2
PYTHON PROGRAMMING
THE MAJORITY OF THE PROJECTS IN THIS BOOK ARE WRITTEN IN THE PYTHON PROGRAMMING LANGUAGE, WHICH COMES PREINSTALLED WITH THE RASPBIAN OPERATING SYSTEM. PYTHON IS A FAIRLY SIMPLE LANGUAGE TO LEARN, BECAUSE ITS STRUCTURE MAKES IT EXTREMELY USER-FRIENDLY. BUT IT ALSO HAS COMPLEX FEATURES SUITABLE FOR MORE ADVANCED PROGRAMMERS AND CAN ACCOMPLISH TASKS EFFICIENTLY.
When building the projects in this book, I’ll walk you through writing Python code for each program. As a result, you’ll learn the basics of the language as you complete the projects. Before we get started, we’ll look at some programming basics, such as printing statements, making choices, and avoiding common errors in Python.
EXPLORING PYTHON
To illustrate Python’s efficiency, imagine you’re writing the classic first program to display Hello World on your screen.
In the Java programming language, you would write this code:
public class Main {
public static void main(String[] args) {
System.out.println("Hello World");
}
}
In Python, you can achieve the same output with just a single line of code:
print ("Hello World")
Python code is written in an integrated development environment (IDE). An IDE is the software you use to write Python code, in the same way you might use a word processor to write a document or a web browser to load and view a website.

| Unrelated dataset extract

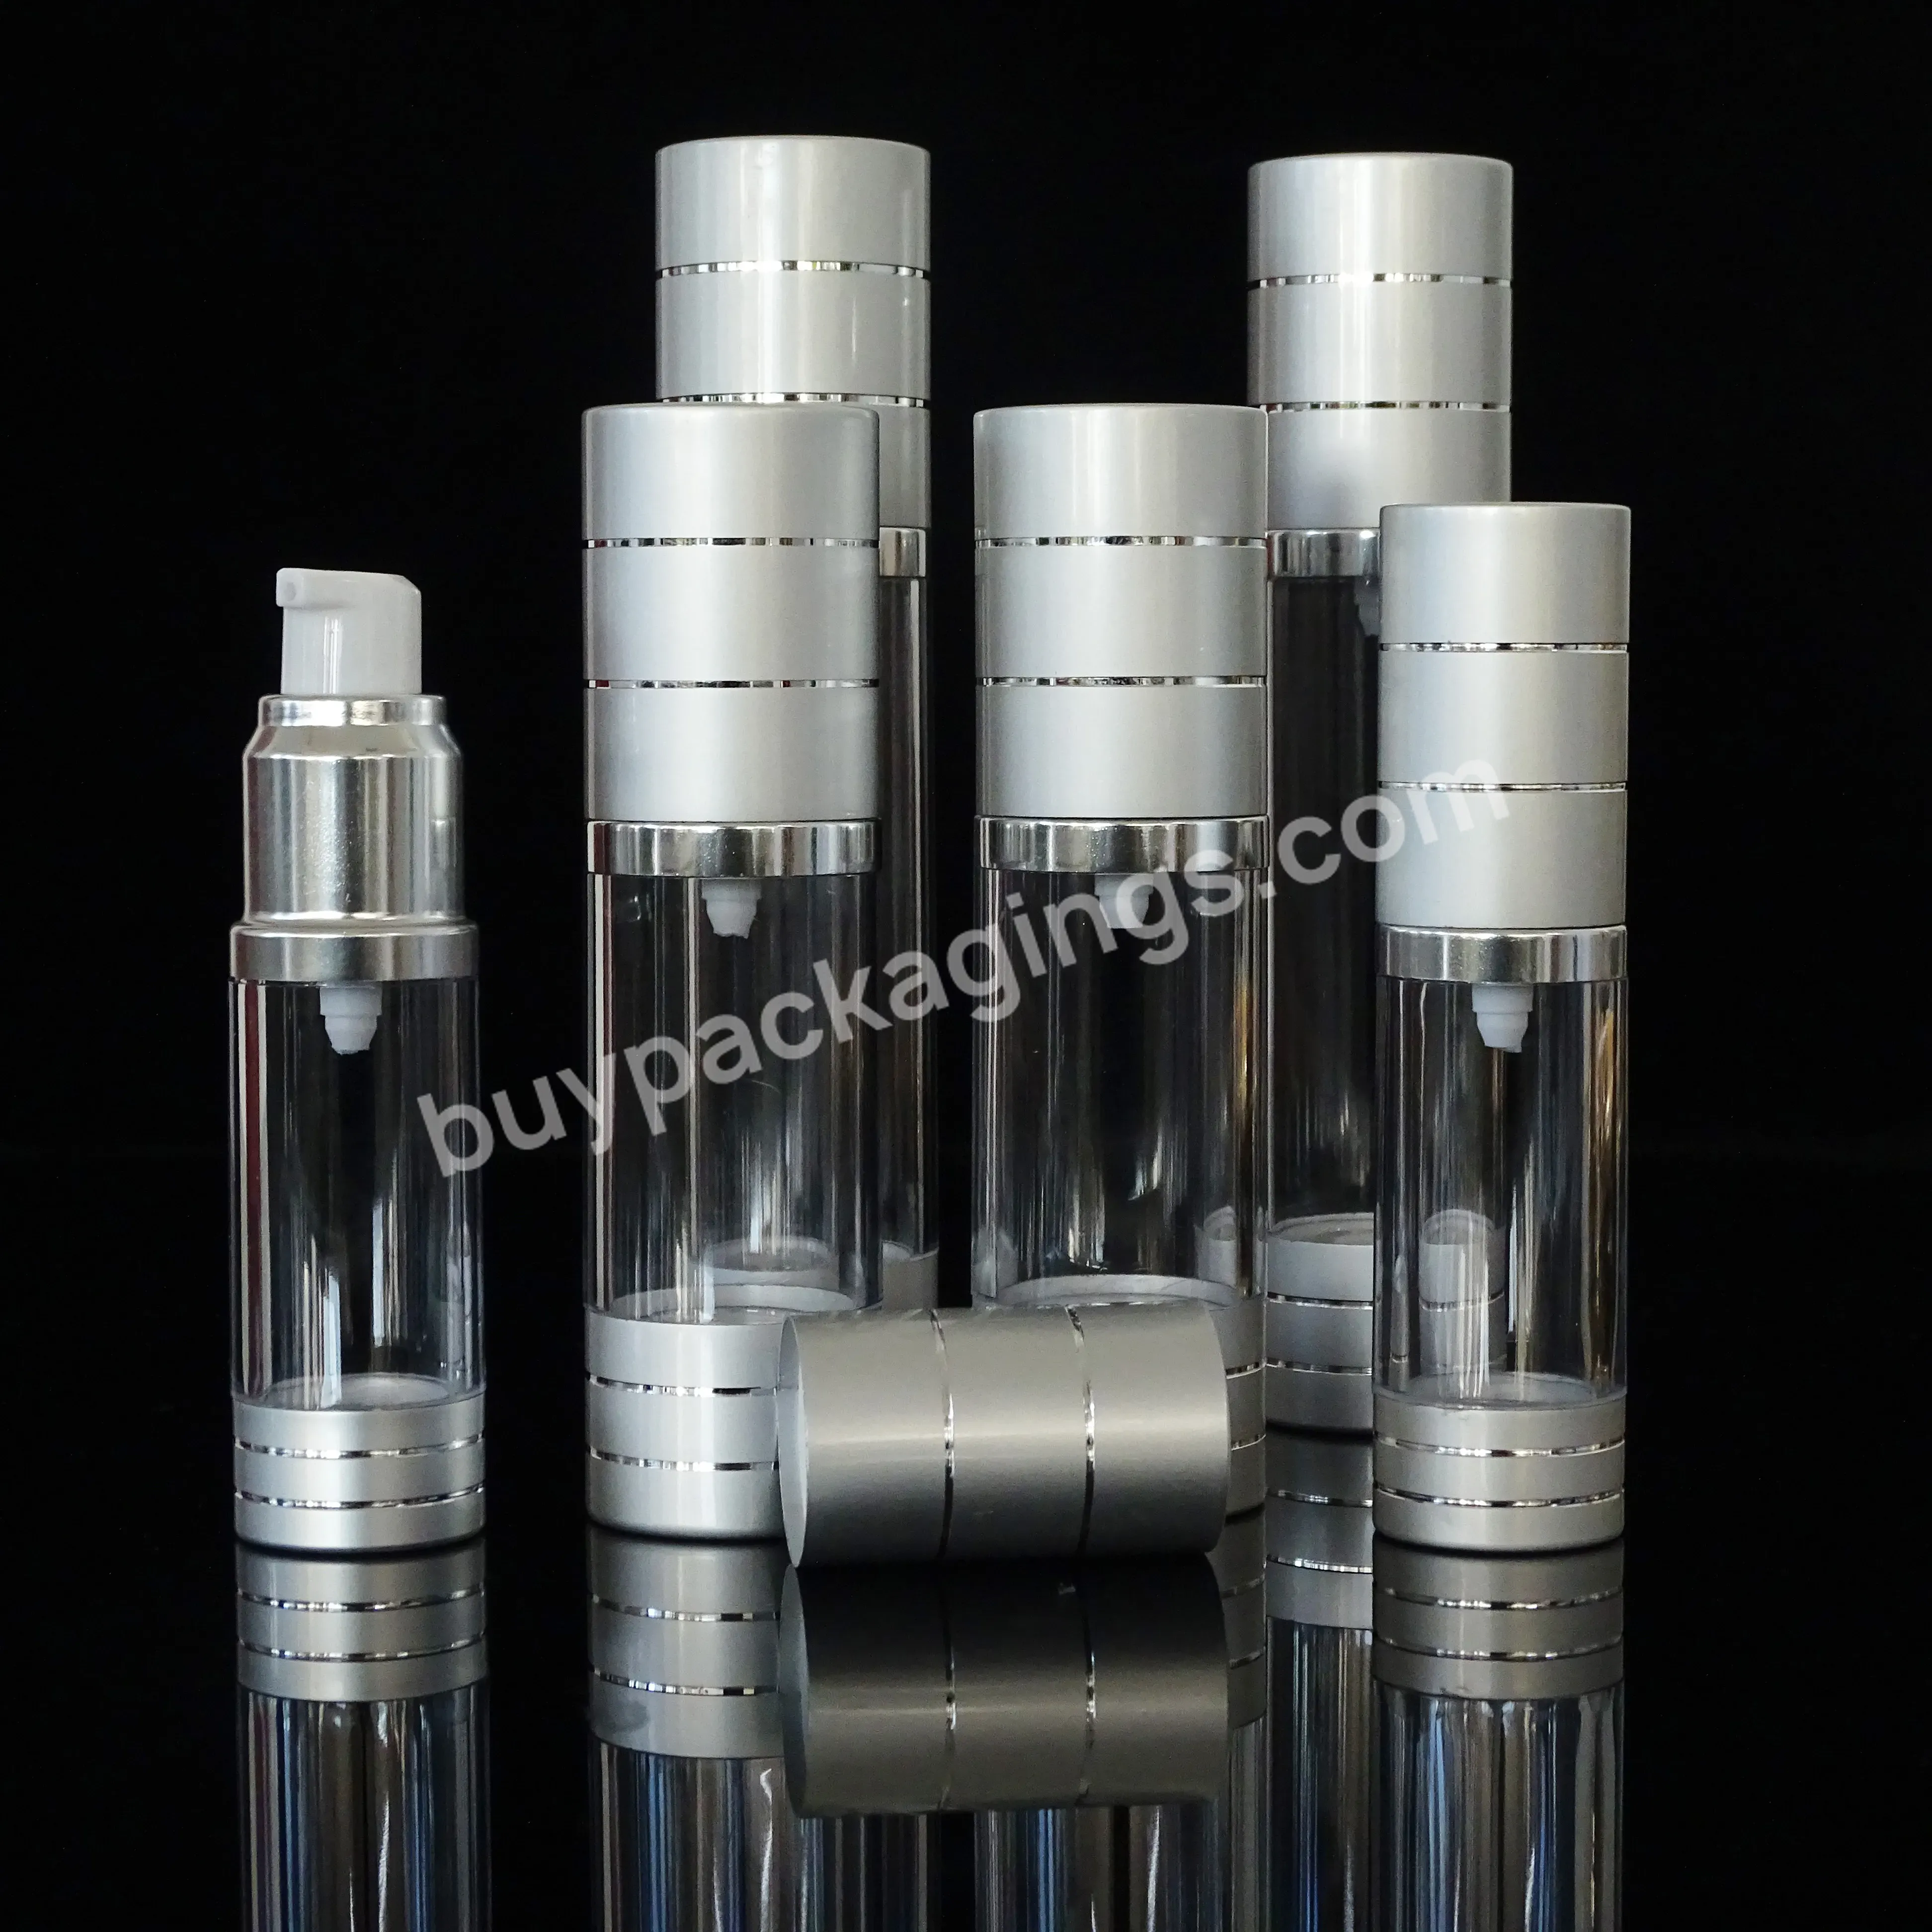 China Supplier Professional Metalized Cosmetic Packaging Aluminum Airless Shiny Gold Spray Bottle - Buy Airless Bottle Gold Metalized,Professional Airless Pump Bottle,Aluminum Airless Bottle.
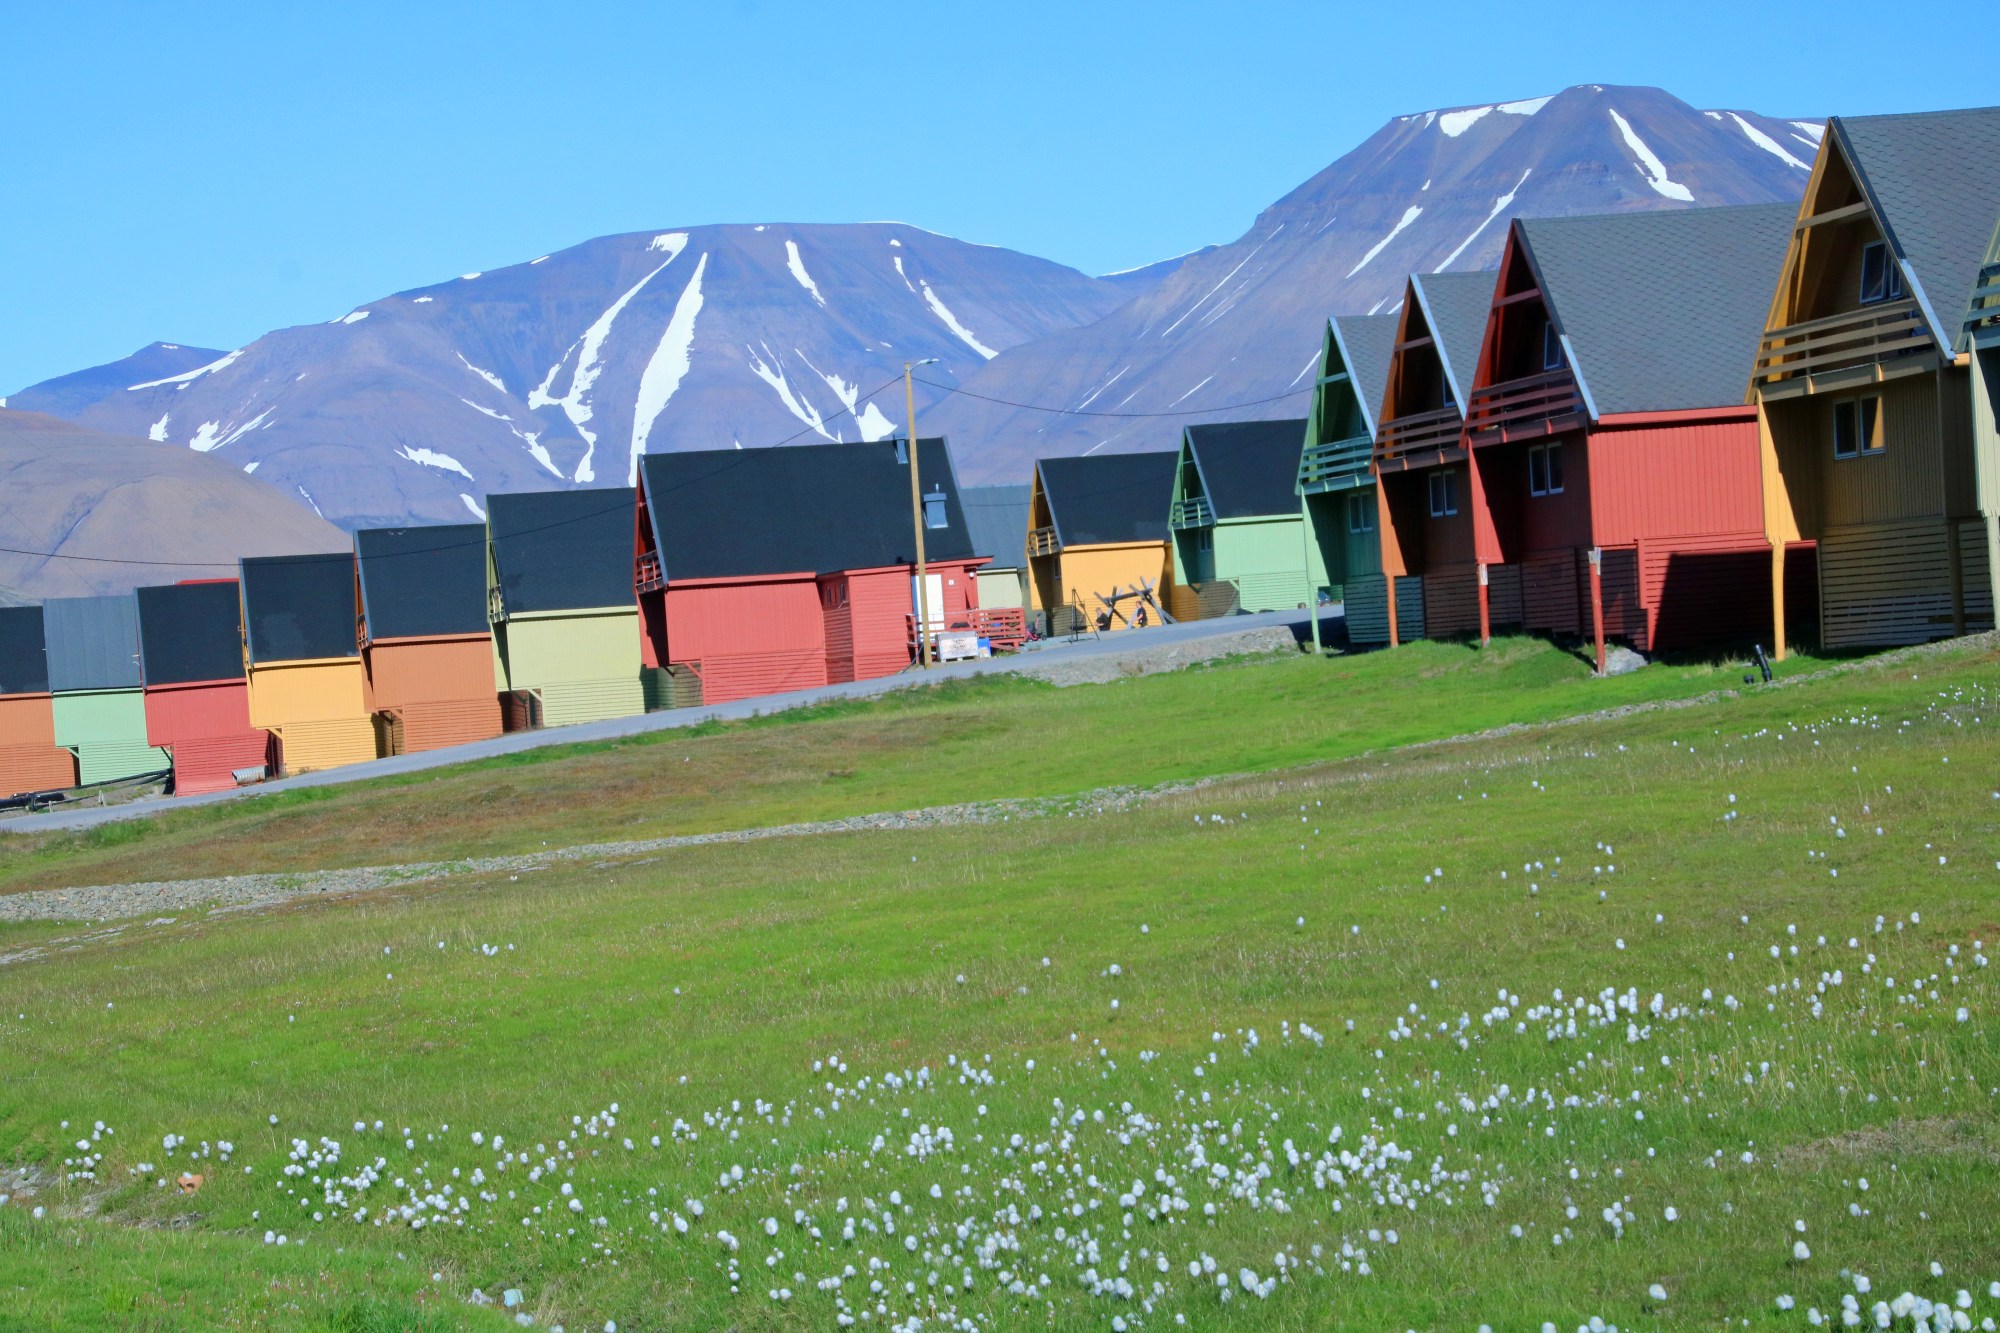 Longyearbyen: The Northernmost Settlement - Life on Svalbard: The Arctic Wilderness and Its Inhabitants

INTRODUCING THONNY AND IDLE
The Raspbian operating system comes preinstalled with access to a Python IDE named Thonny (Figure 2-1). This default Python editor includes a wide range of error-detecting and code-highlighting features. If you need to install Thonny manually for any reason, open the terminal and enter this command:
pi@raspberrypi:- $ sudo apt-get install python3-thonny
The Thonny IDE has a section for you to write full program code as well as a Shell. The Shell area is where you can write single lines of code and test them without having to save the full program code. You can read more about Thonny’s features at http://thonny.org/.
FIGURE 2-1 Thonny, the default Python IDE
Python has other editors available, including IDLE (pronounced idol), the classic IDE for writing Python code. When you download Python onto something other than Raspbian, say your regular laptop, this is the editor that is supplied.
The program code for each project can be written in any Python editor, but IDLE has been used throughout this book and the code is colored to match it. If you want to use IDLE, open the terminal window and enter this code:
pi@raspberrypi:- $ sudo apt install idle3
You’ll find more information and download details at https://www.python.org/downloads/.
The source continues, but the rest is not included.